Projects | Peterkorn

ICON https://www.icon-model.org

ICON is probably the largest model development project within Germany. It has started more than 10 years ago as joint project between the Max-Planck Institute for Meteorology, German Weather Service DWD, the German Climate Computing Centre with the goal to develop a new model for Numerical Weather Prediction and Climate Science. It involves now national and international partners. ICON is a central element of Germany's national climate modelling strategy and it is used in national and International projects.

Numerics for Atmosphere & Ocean

The success of ICON-O is due to its underlying numerical method. I develop structure-preserving numerics for atmosphere and ocean dynamics.

Cryosphere

Together with my former postdoc C. Mehlmann I have developed a new discretization for the sea-ice dynamics. Future work will include also ice-shelf modeling, through the project “Terra-DT” about a “digital Twin of Earth system for Cryosphere, Land surface and related interactions”.

Mathematical Analysis

I keep a strong connection to the mathematical analysis of fluid dynamical equations. This inspired much of my work on numerical methods. The problems I am interested in are classical questions of well-posedness and regularity properties for equations of geophysical fluid dynamics.

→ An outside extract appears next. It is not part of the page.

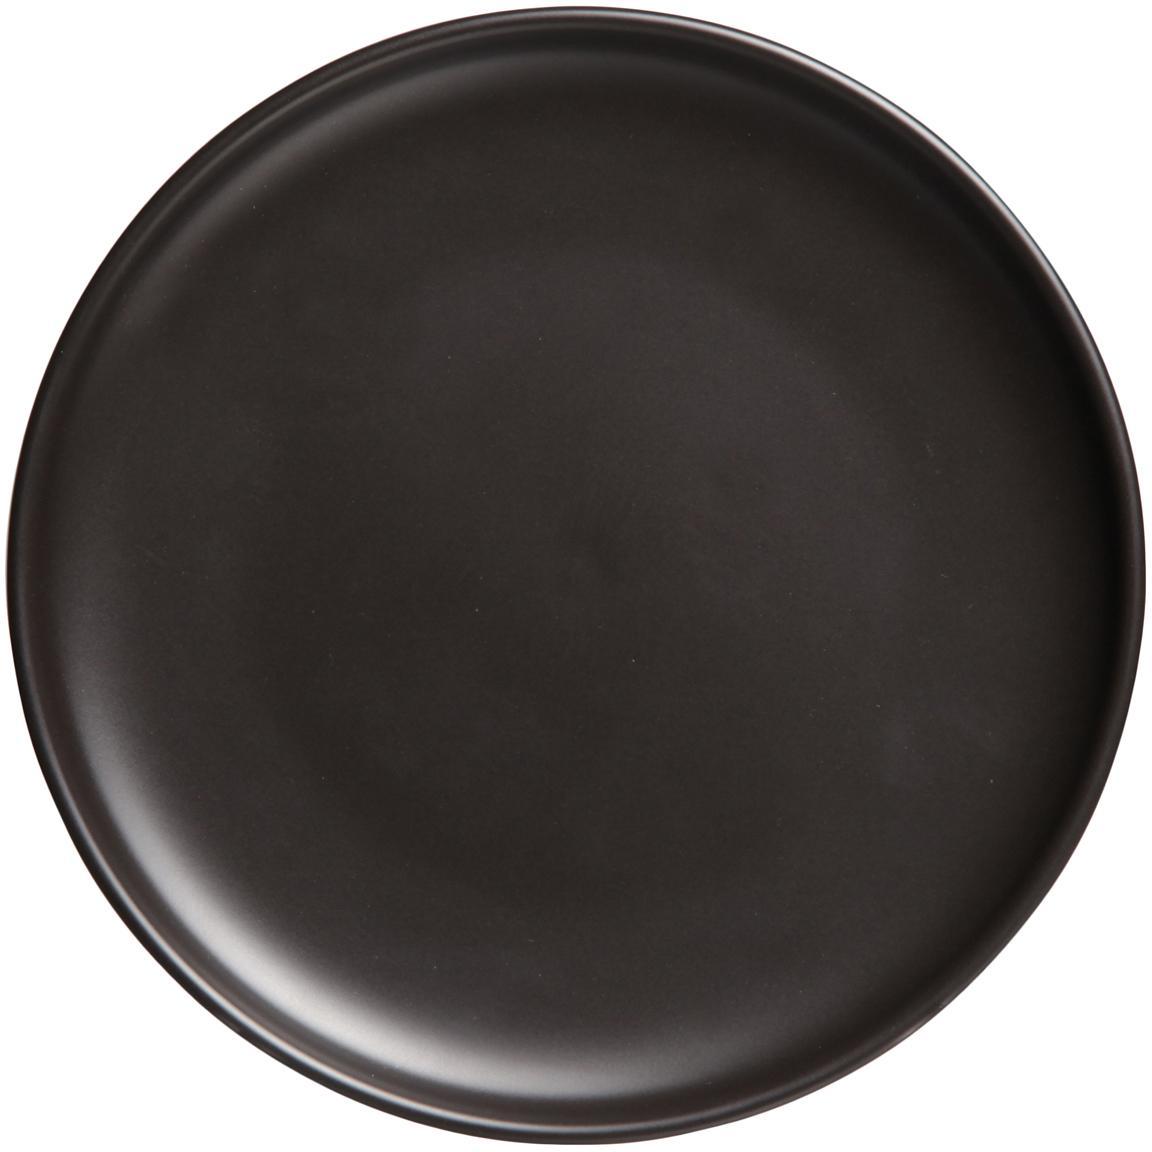 Piattino da dessert nero opaco Okinawa 6 pz, Ceramica, Nero opaco, Ø 20 cm

Turbulence Modelling and Computational Convex Integration

Convex integration is a constructive method that was introduced by C. De Ellis and L. Szekelyhidi in the analysis of hydrodynamic equations. The application of convex integration culminated in the completion of the proof of Onsager’s conjecture. Convex integration is a promising tool that opens new direction in turbulence and in fundamental question on hydrodynamic equations such as uniqueness and regularity. In a collaboration with L. Szekelyhidi and R. Klein we aim to formulate and implement a computational version of convex integration and use it in cutting-edge turbulence simulations.

Machine Learning

ML is an exciting new instrument in the modeller toolbox. Its application for climate modelling is much more challenging than for weather forecasting and a hot research topic. In the project ExaOcean https://www.fz-juelich.de/en/ias/jsc/projects/exaocean we aim to integrate ML-techniques into the numerics of ICON-O to improve the models performance and scalability on Exascale Computers. This project is funded by the German Federal Ministry of Education and Research.

Computational Ocean Turbulence
ICON-O is one of the fastest ocean models worldwide. This is the result of its numerical properties, of a careful code design and of advanced optimization techniques. This performance allows us to approach unpre-cedented spatial resolutions. In an attempt to push the envelope we designed an experiment where ICON-O’s horizontal resolution ap-proaches locally 500m and where we have subkilometer resolution over large parts of the North Atlantic. With this experimental configuration we could represent submesoscale dynamics, a class of phenomena with a spatial extend of 100m-10 km spatially and a lifetime of days to weeks that is supposed to play an important role in the ocean’s route to dissipation. With our experiment we are analysing and quantifying the oceanic dissipation mechanism

Coastal Dynamics and Marine Biogeochemistry

As part of the The Hamburg Excelencecluster "Climate, Climatic Change, and Society" ("CLICCS" https://www.cliccs.uni-hamburg.de/) we modelled the physical and biogeochemical dynamics of the global land-ocean transition zone and its role in the Earth system using a coastal telescope configuration of the ICON-O and the integrated marine biogeochemistry model HAMOCC in global configuration. See also the EOS-highlight: https://eos.org/editor-highlights /substantial-advance-towards-a-global-coastal-carbon-model. In order to handle the enormous computational costs that arise by including biogeochemistry models we implemented the concept of "concurrency" into ICON-O that allows us to run the marine biogeochemistry at high resolution.